Benchmarking (data-minig modelling methods)

The GUI offers server data-mining algorithms which can be used in benchmarking:

ID Description
glm Logistic regression (generalized linear model with binomial link function).
mlp Multilayer perceptron (MLP) - fully connected feedforward neural network with 1 hidden layer and logistic activiation function. Details: code, package.
mlpML Multilayer perceptron (MLP) - fully connected feedforward neural network with up to 3 hidden layers and logistic activiation function. Details: code, package.
svmRadial Support vector machines with radial basis function kernel. Details: code, package.
svmLinear Support vector machines with linear kernel. Details: code, package.
rf Random forest. Details: code, package.
C5.0 C5.0 decision trees and rule-based models. Details: code, package.
rpart CART decision trees with modulation of complexity parameter.
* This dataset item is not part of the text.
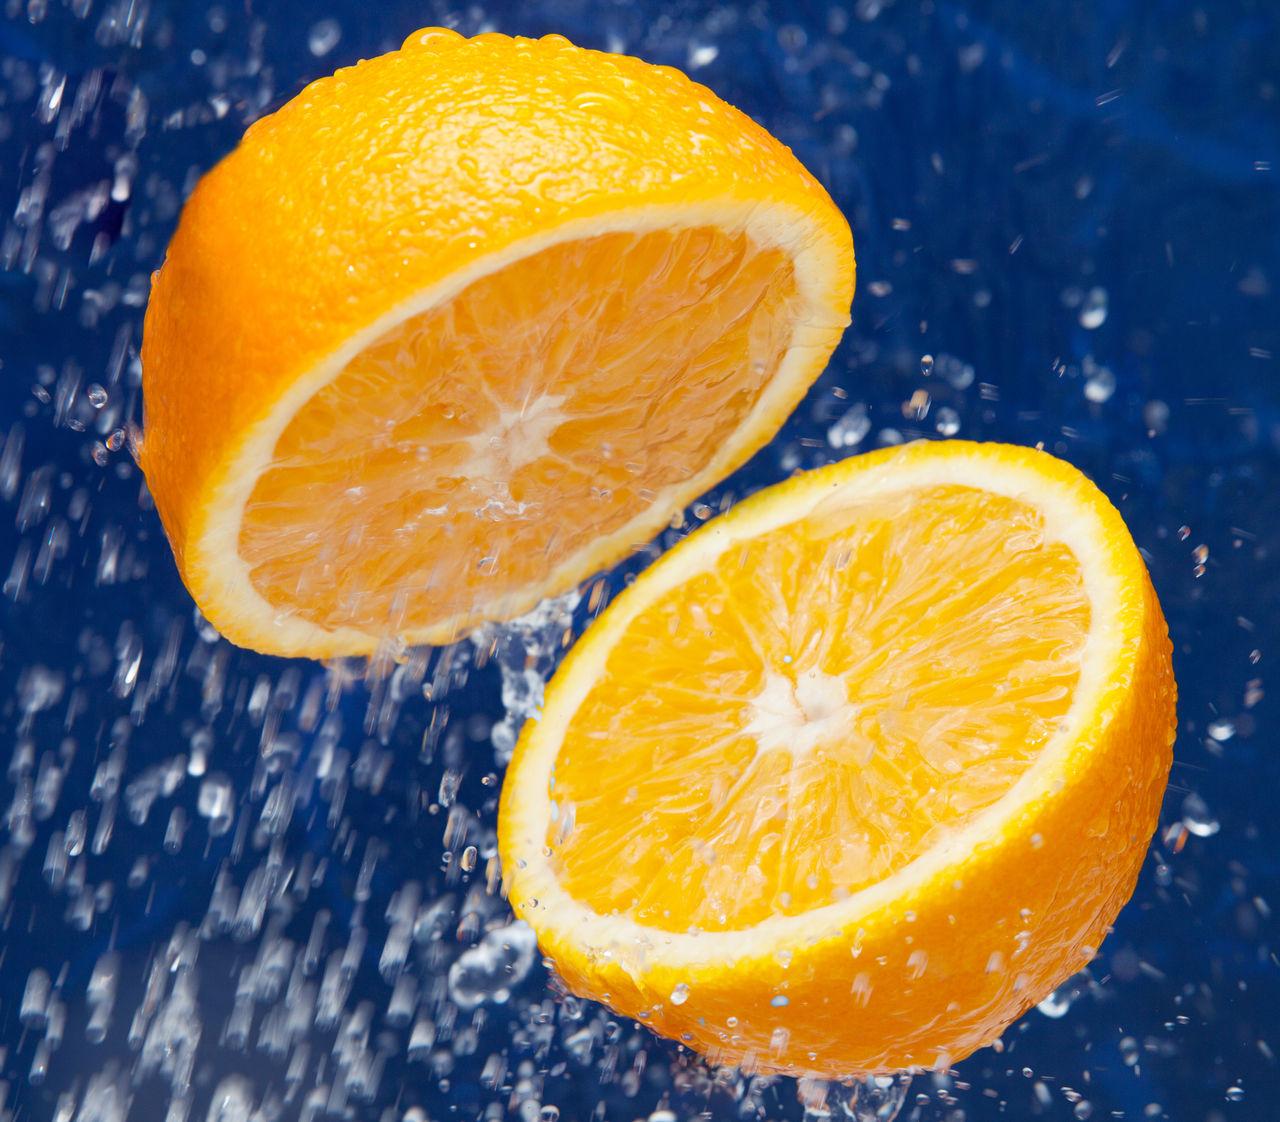 Fresh sweet orange with drops of water Blood Orange Citrus Fruit Close-up Cross Section Food Freshness Fruit Grapefruit Halved Healthy Eating Juicy No People Orange - Fruit Orange Color SLICE Sour Taste Studio Shot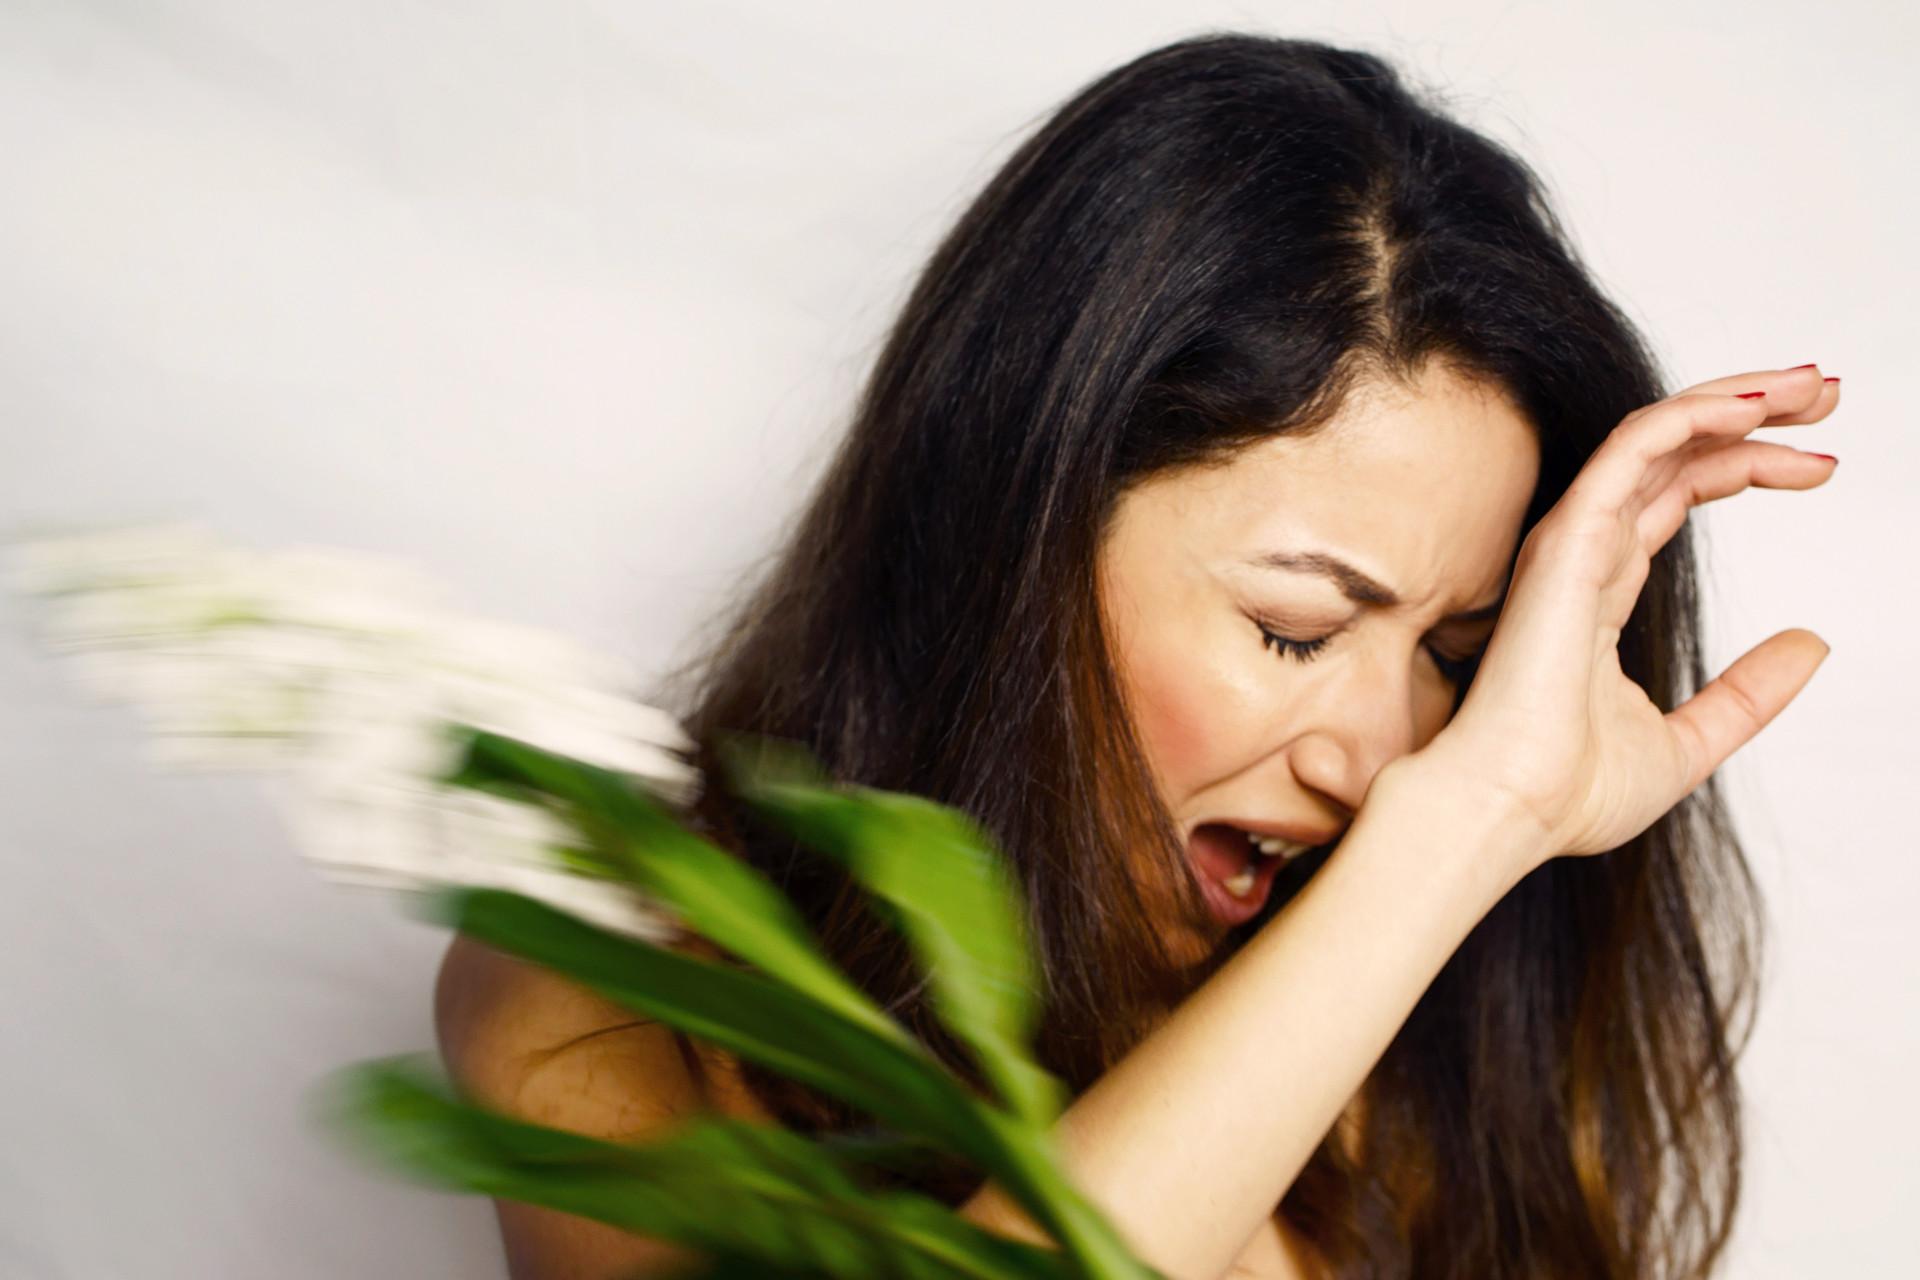 Carola slapped by flowers

Details: code, package.
rpart2 CART decision trees with modulation of max tree depth. Details: code, package.
ctree Conditional inference trees. Details: code, package.
xgbTree eXtreme gradient boosting. (note: this is a time-consuming method). Details: code, package.

However, the OmicSelector_benchmark() function works using caret, meaning that every model from the (caret list of methods)[https://topepo.github.io/caret/available-models.html] can be applied (assuming that the depending packages are installed; see the reference of OmicSelector_benchmark() for more details).

Note that the package performs the random search of hyperparameters. The best set of hyperparameters is chosen based on the performance on testing set (holdout validation) or strictly on training set (using cross-validation).